What you need to do: Starting at the line that contains "1c3710fb283b4 Camiseta Nike" and stopping at the line that contains "Hughenden Manor, interior, National", restate each line of the records below exactly. Omit the pictures.

Listed entries:
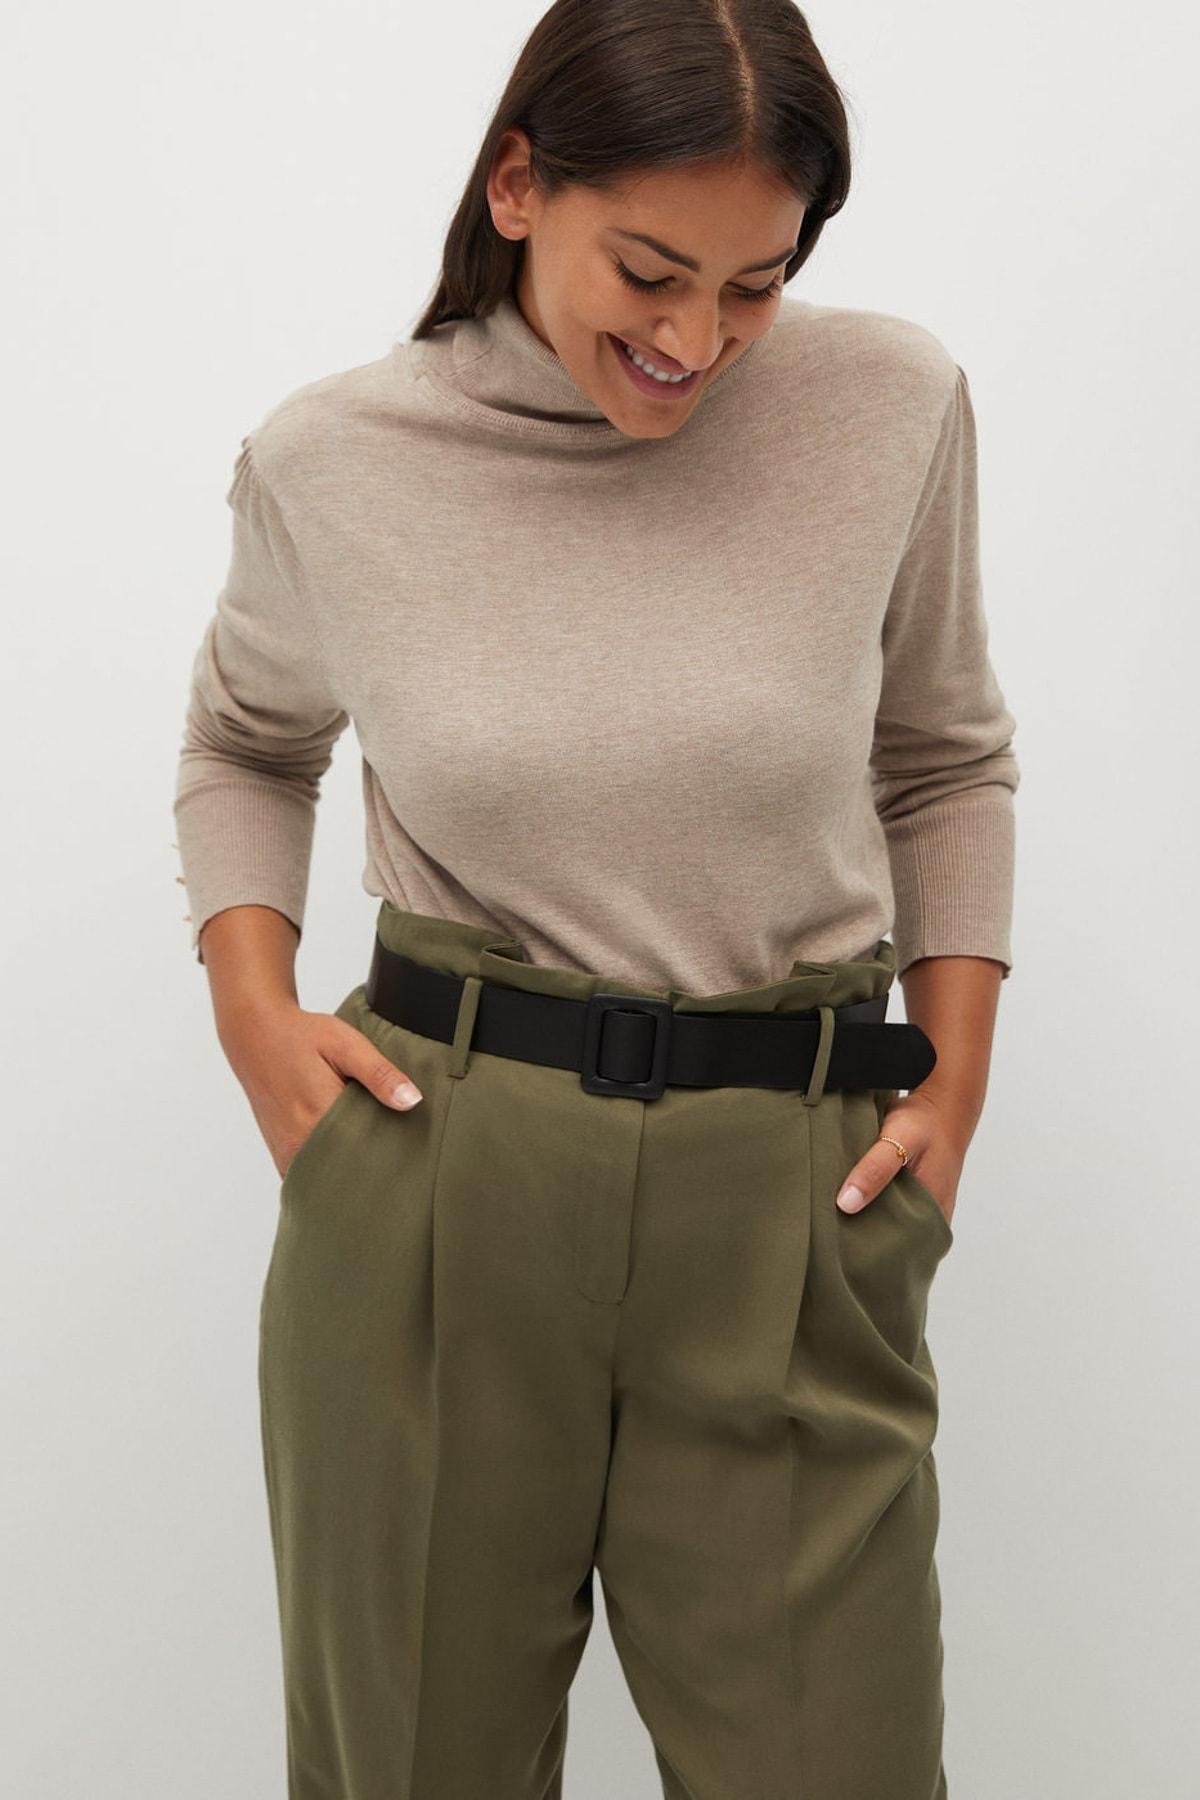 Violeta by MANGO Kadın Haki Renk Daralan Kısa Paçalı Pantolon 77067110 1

---

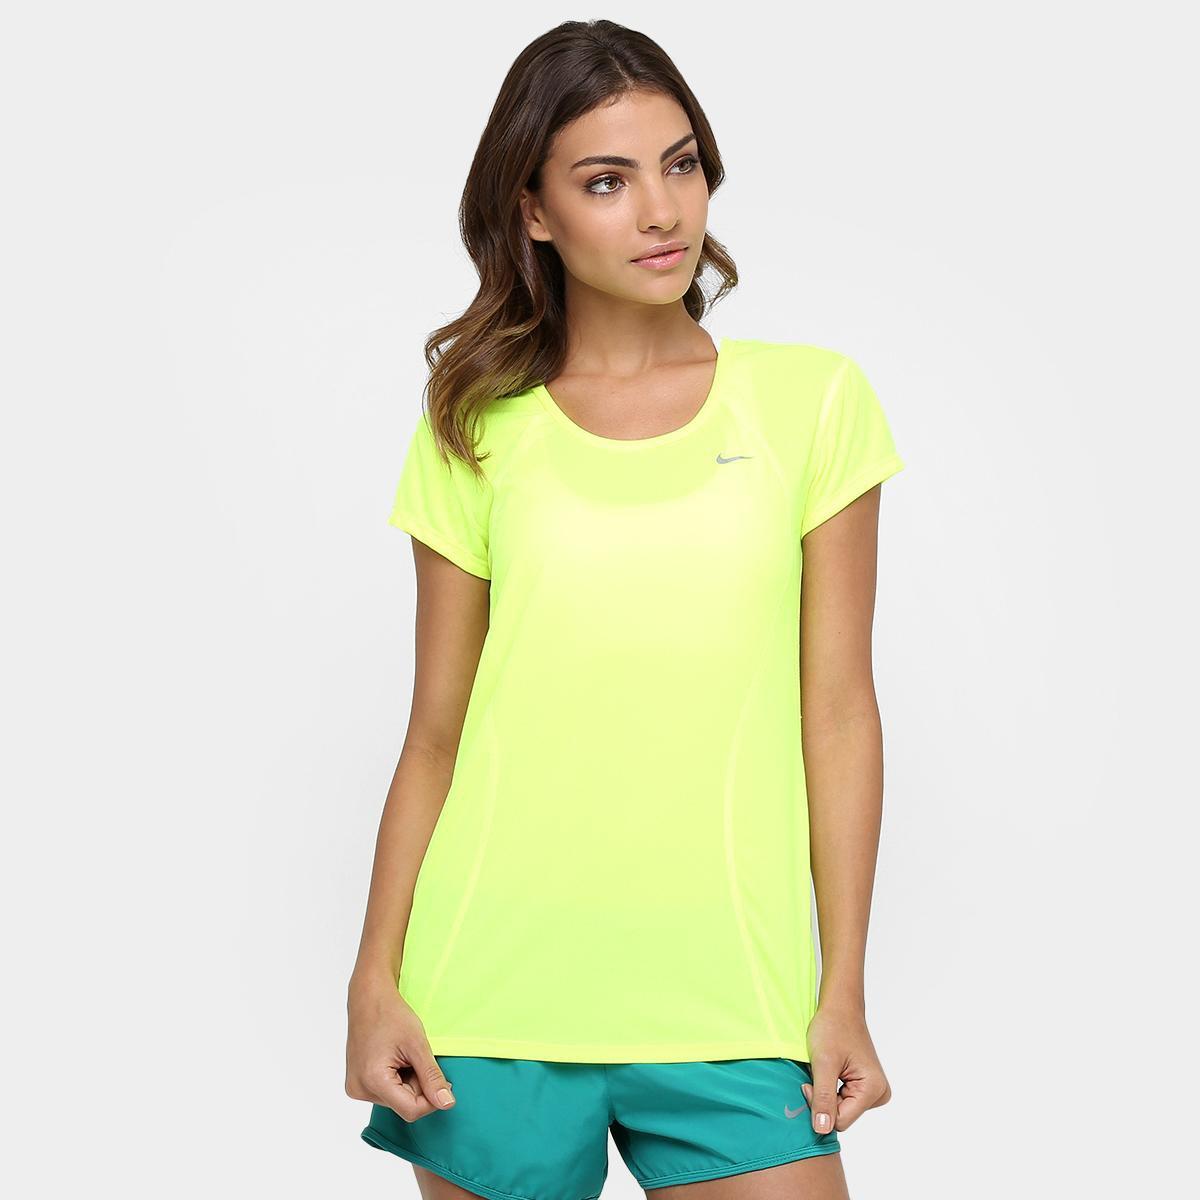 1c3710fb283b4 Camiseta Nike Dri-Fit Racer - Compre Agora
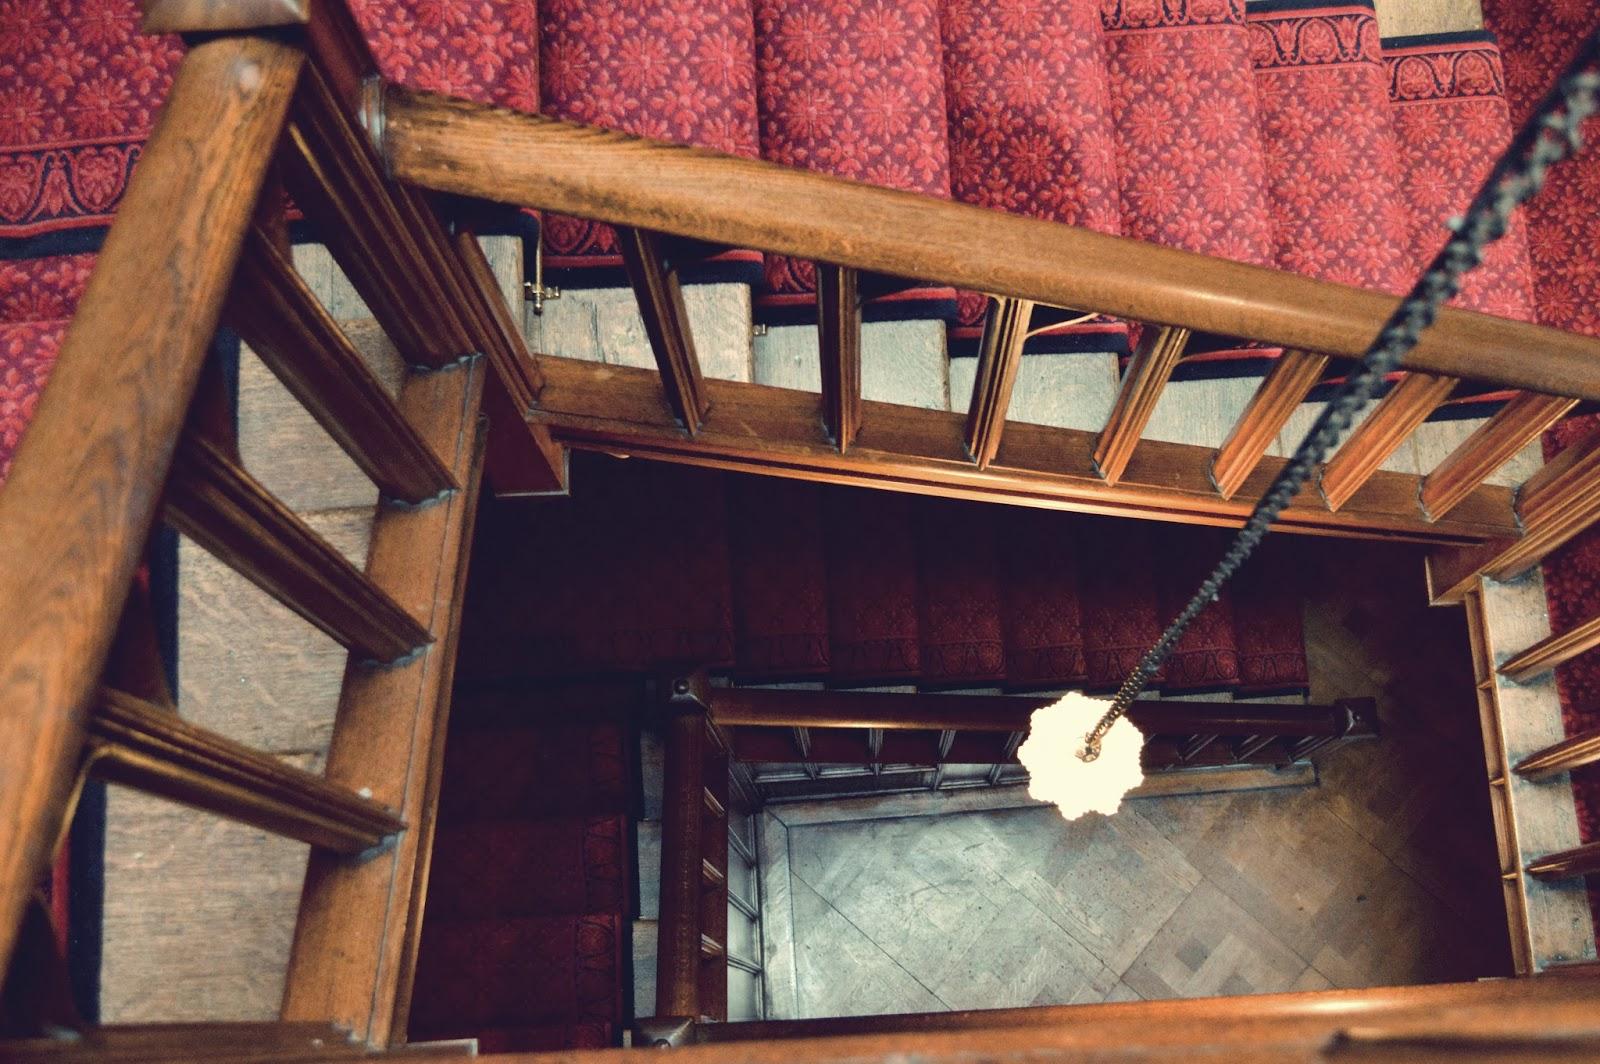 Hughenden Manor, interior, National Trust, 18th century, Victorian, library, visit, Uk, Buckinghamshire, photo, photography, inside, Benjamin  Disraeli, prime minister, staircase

---

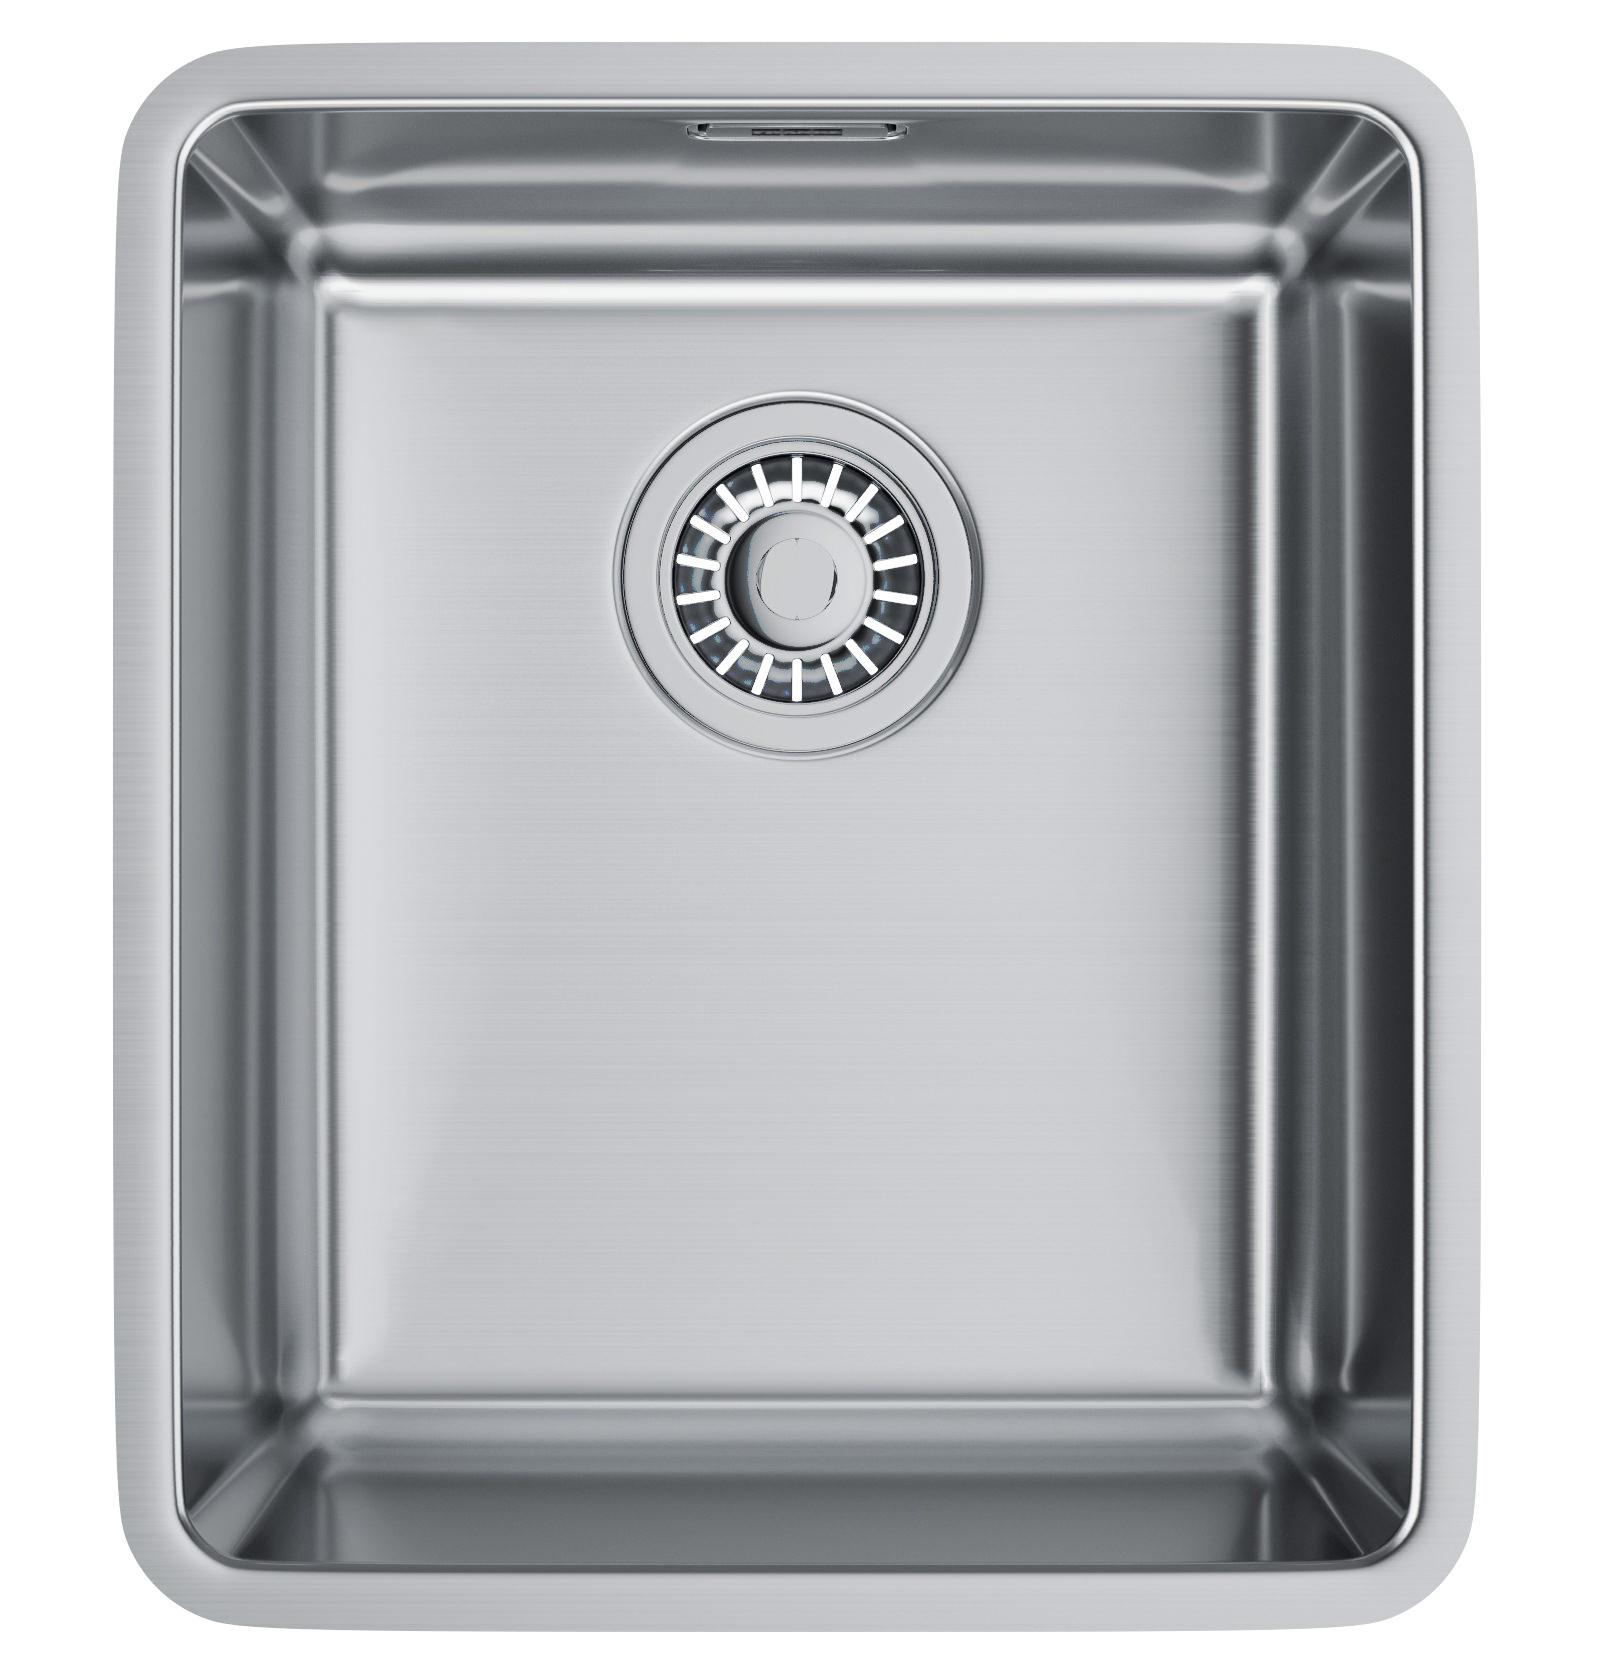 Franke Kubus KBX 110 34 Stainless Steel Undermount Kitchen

Answer for this exercise:
 1c3710fb283b4 Camiseta Nike Dri-Fit Racer - Compre Agora
 Hughenden Manor, interior, National Trust, 18th century, Victorian, library, visit, Uk, Buckinghamshire, photo, photography, inside, Benjamin  Disraeli, prime minister, staircase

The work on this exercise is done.